Monday, May 21, 2007 07:25 AM

cost of wedding

Is a book and discussion on the appropriate cost of a wedding helpful in distracting attention from marriage as a form of prostitution and marriage as a representation of the failure of love and escape from adulthood ? Just wonderin.

Sunday, May 20, 2007 03:43 PM

Biological roots

Paternity and maternity as identified by contribution of gametes evolved because, under certain environmental conditions, juveniles whose care was more assured by certain designated adults driven to identify with and care for them had higher survival rates to reproductive age than juveniles whose care was not as assured by such biologically-driven identification and commitment of caretakers. Likewise, under certain evolutionary contexts, survival and selective advantage of progeny has been conferred on individuals who are driven toward other behaviors, like use of aggression and violence to gain resources, siblicide, infanticide, and rape. The fact that natural selection formed traits, or tendencies, over past millennia and ancient environmental contexts carries no normative or adaptive mandates for autonomous humans in contemporary conditions.

Except, of course, by virtue of the stories and fears we carry in our minds.

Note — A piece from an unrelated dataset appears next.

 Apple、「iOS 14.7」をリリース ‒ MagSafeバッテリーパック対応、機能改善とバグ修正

Those stories and fears – about “mothers” and “fathers”, fears of change and of authenticity, fears carried by adults of displeasing mommy and daddy – are what keep us from facing barriers to real parenthood, which is impaired by kinship identification. To the extent that individuals are normatively constructed as caretakers of biologically related children, those children’s development will be impaired precisely because a “parent” thus constructed and granted ownership of offspring is invested (as we consistently observe) less in the growth, self-actualization and autonomy (i.e. well being) of the child as individual than in some idealized and normative model of how “my son” or “my daughter” contributes to the parent’s own attempt to validate self, family name, and social standing as prescribed by pathological social expectations for “success”.

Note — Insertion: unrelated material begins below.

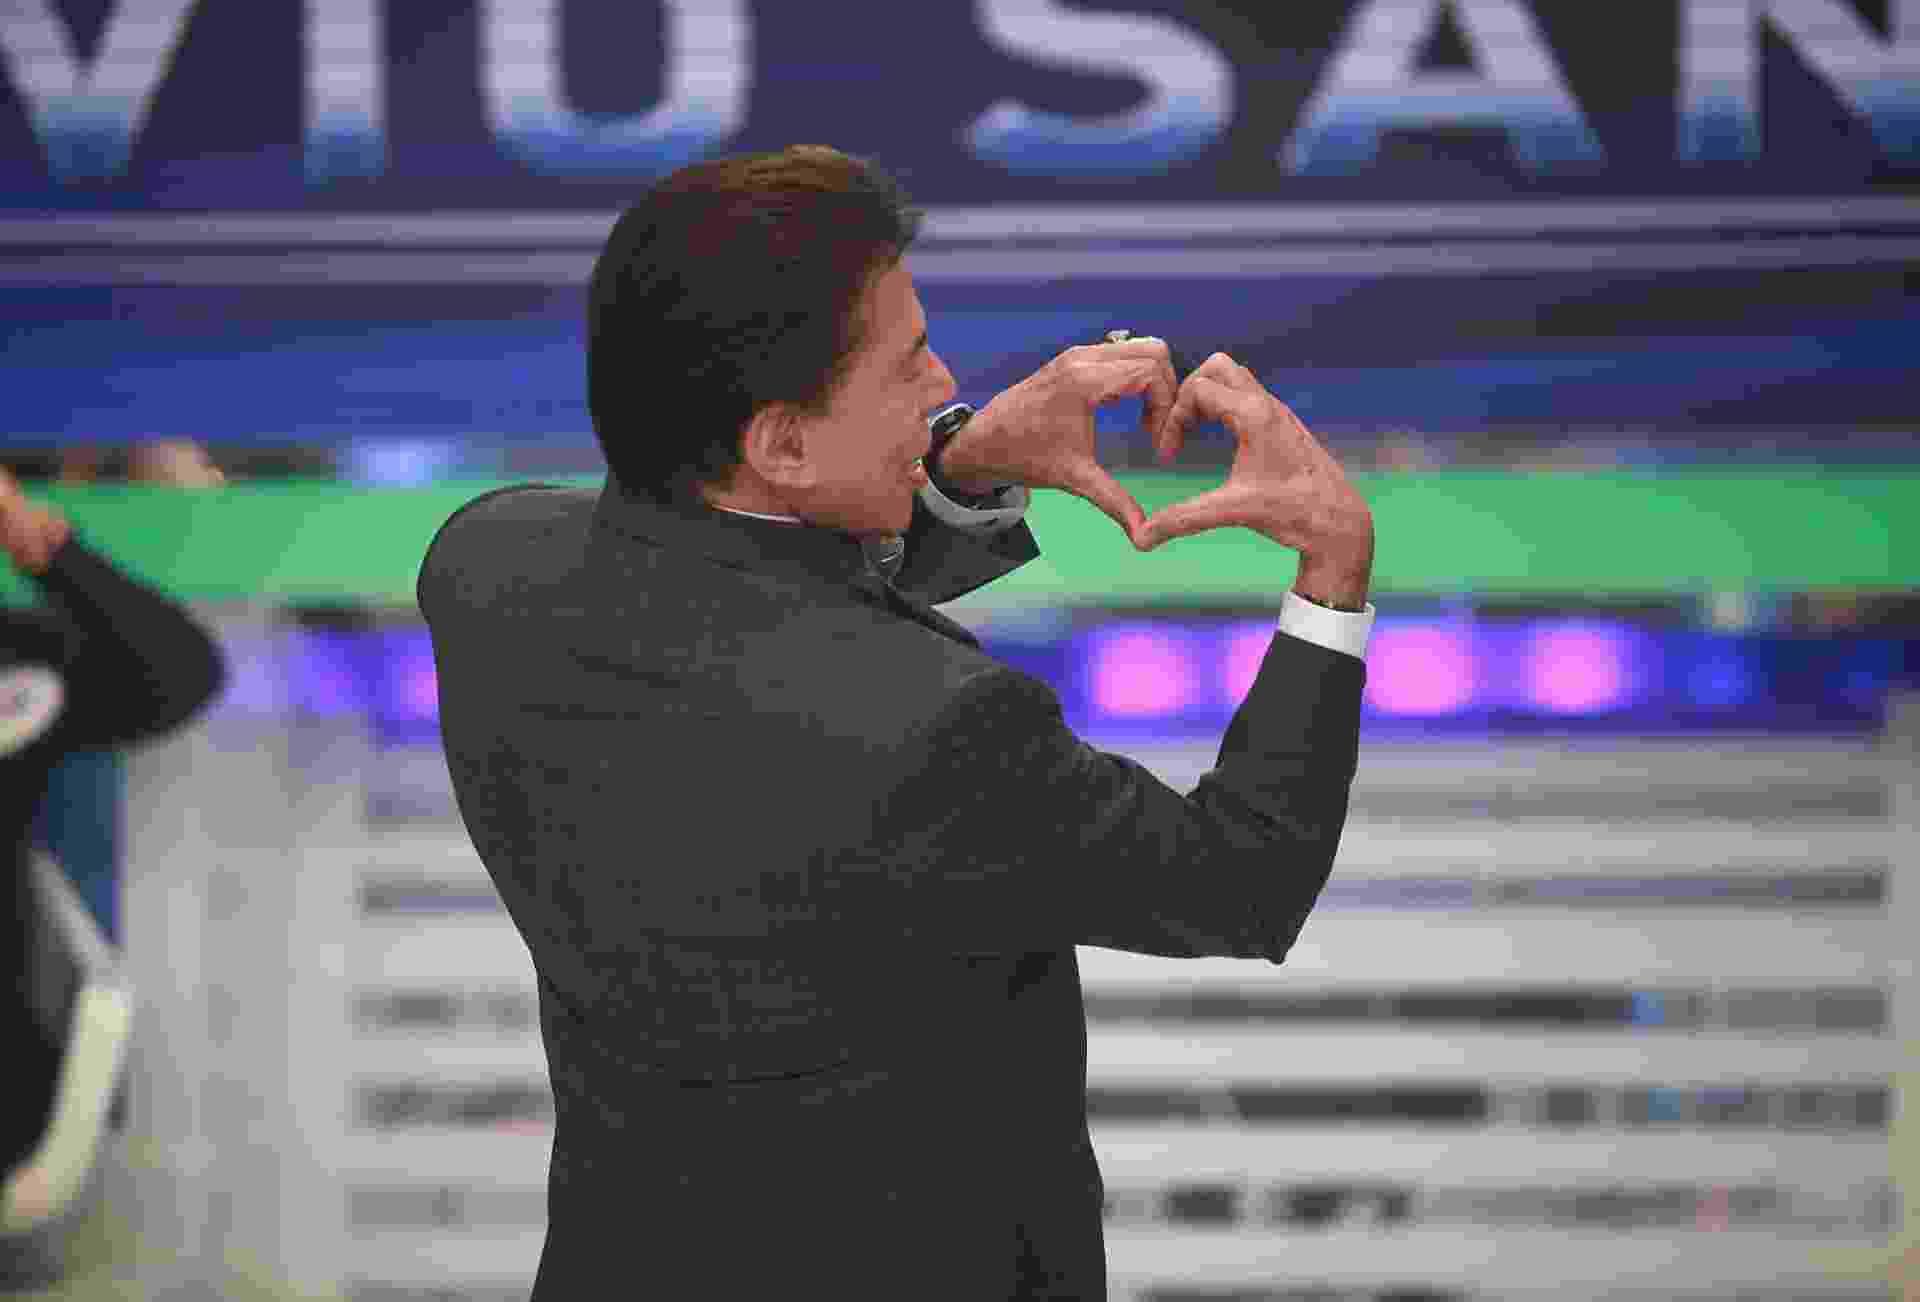 2013 - Silvio Santos faz coraçãozinho com as mãos S2 - Divulgação/SBT

This pathology of kinship, enforced and celebrated by patriarchy as “family”, “motherhood” and “fatherhood”, is the single greatest barrier to the loving and competent care of children and is represented by a culture of “adults” functioning as frightened, dependent children afraid of the disapproval of fictionally constructed “mothers” and “fathers” and afraid of shaming their “families”, rather than as autonomous beings free to choose relationships and to construct themselves.

“Biological roots” and longing for a “biological relationship” (whatever that could conceivably mean) matter to children and create anxiety only because of the maladaptive fictions we perpetuate and ingrain in them, fictions which would not be needed apart from maladaptive drives toward monogamy and identification of a male and female “parent” who somehow have rights to them.